====== Source material ======
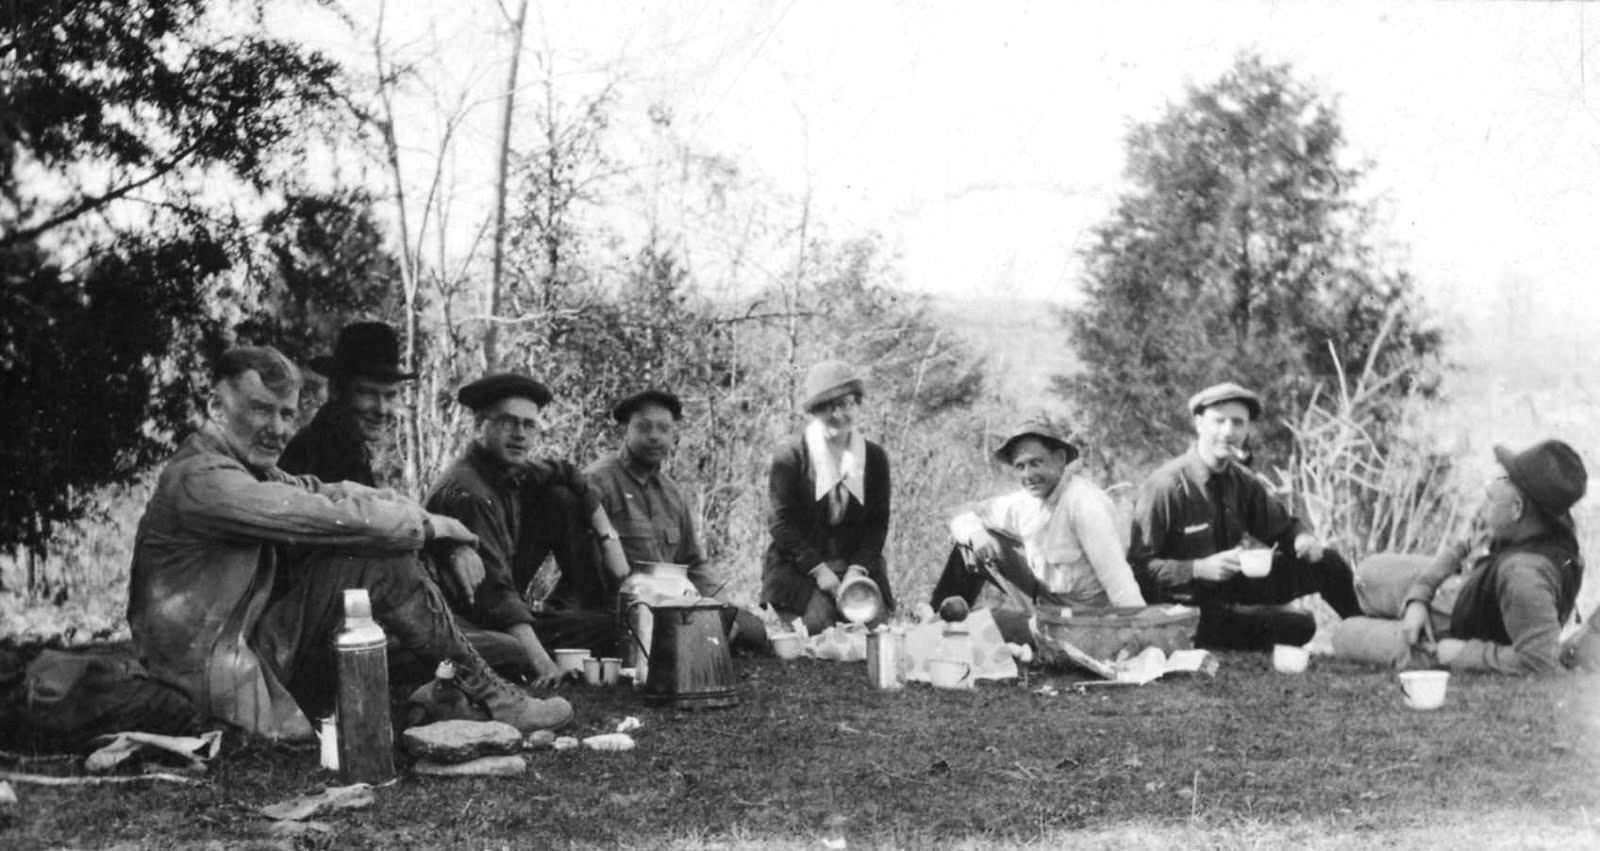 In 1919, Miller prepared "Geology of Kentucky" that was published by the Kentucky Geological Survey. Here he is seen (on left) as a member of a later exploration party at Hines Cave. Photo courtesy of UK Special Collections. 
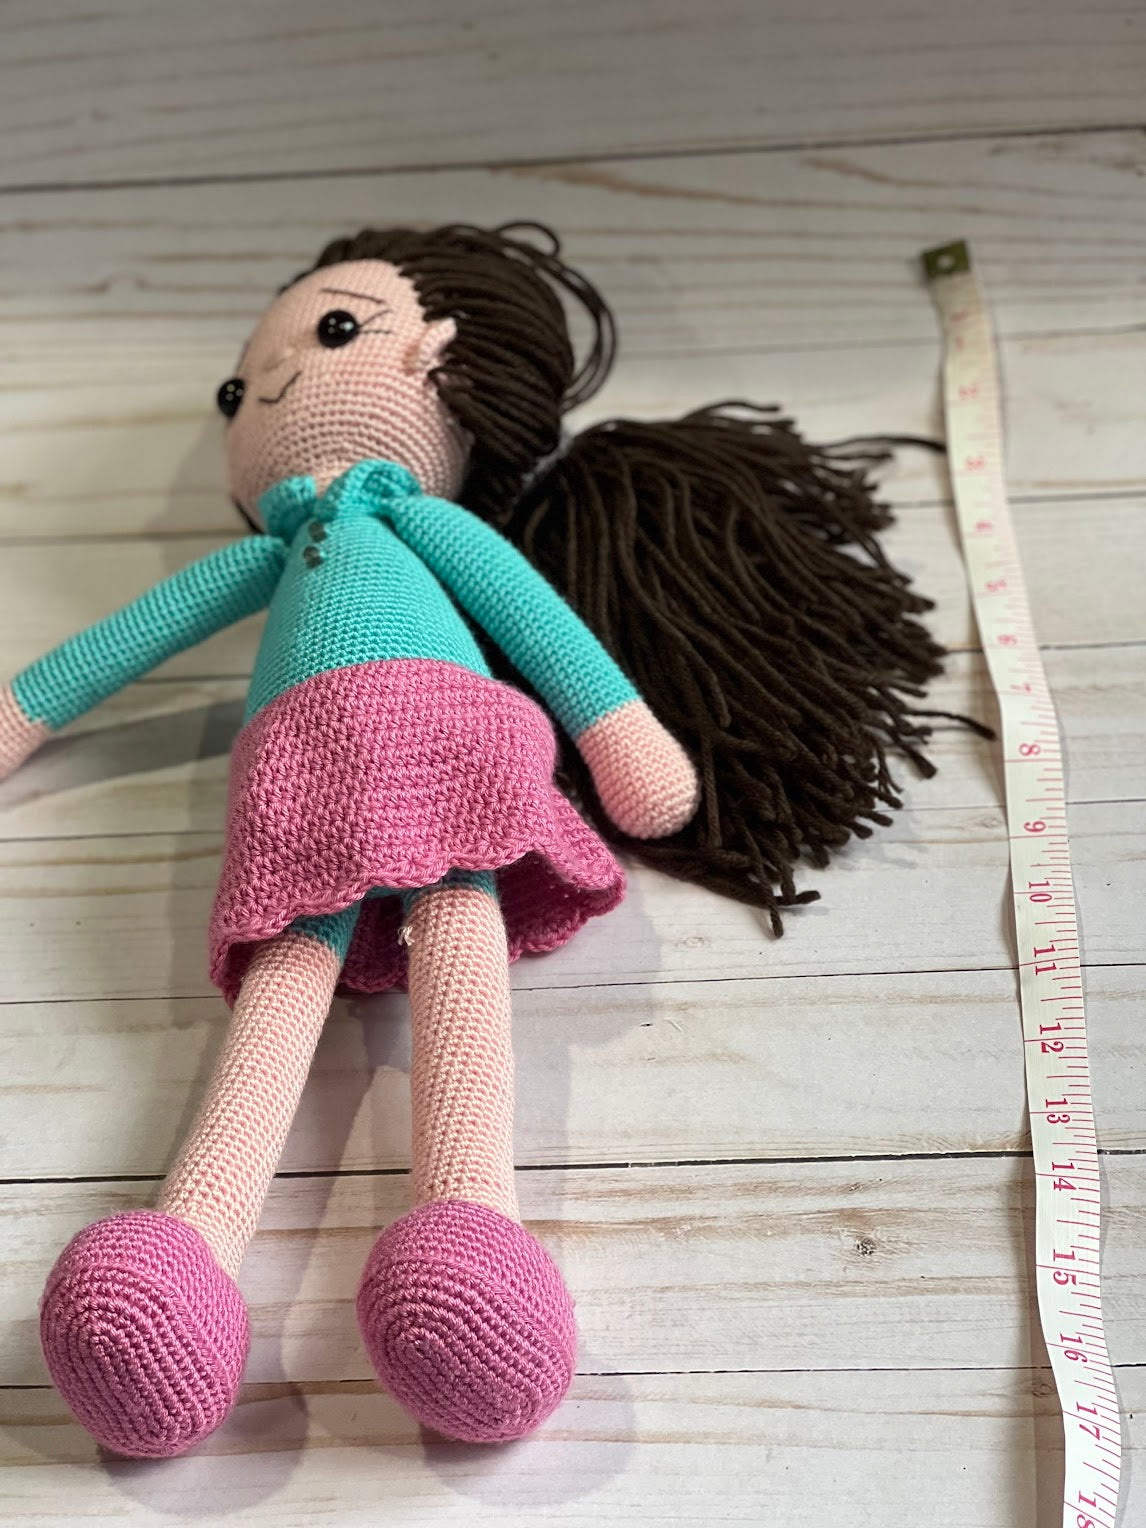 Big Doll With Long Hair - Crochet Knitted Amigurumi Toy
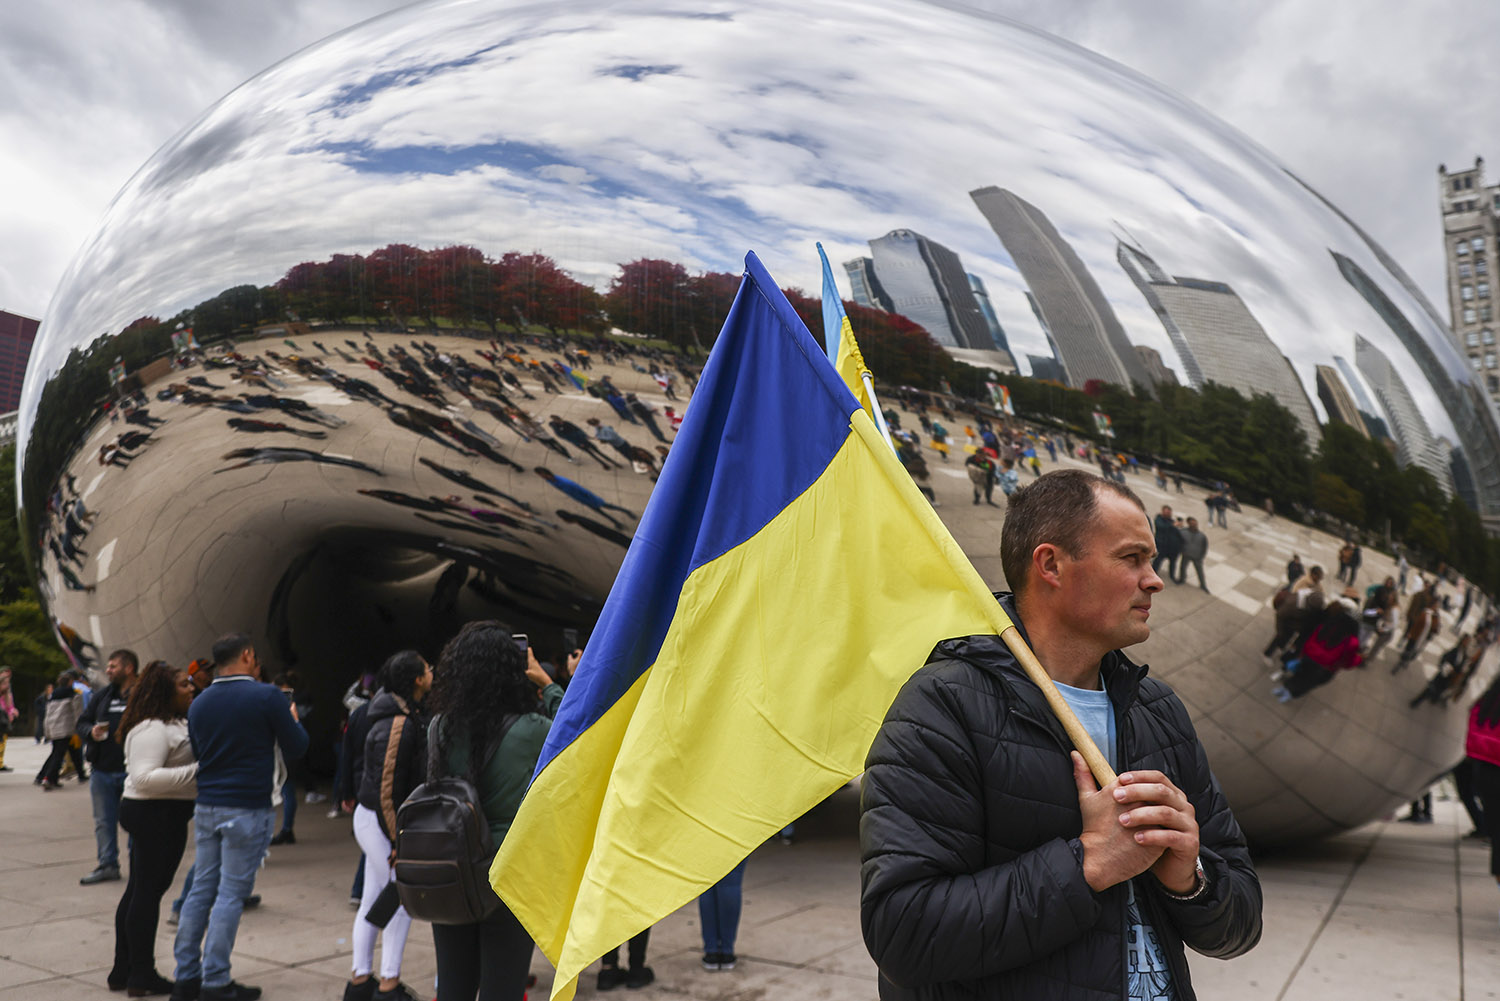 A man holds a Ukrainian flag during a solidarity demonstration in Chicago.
======
→ **What the task asks**
Ignore the images and quote every line of the listing exactly.

→ **Completed task**
 In 1919, Miller prepared "Geology of Kentucky" that was published by the Kentucky Geological Survey. Here he is seen (on left) as a member of a later exploration party at Hines Cave. Photo courtesy of UK Special Collections. 
 Big Doll With Long Hair - Crochet Knitted Amigurumi Toy
 A man holds a Ukrainian flag during a solidarity demonstration in Chicago.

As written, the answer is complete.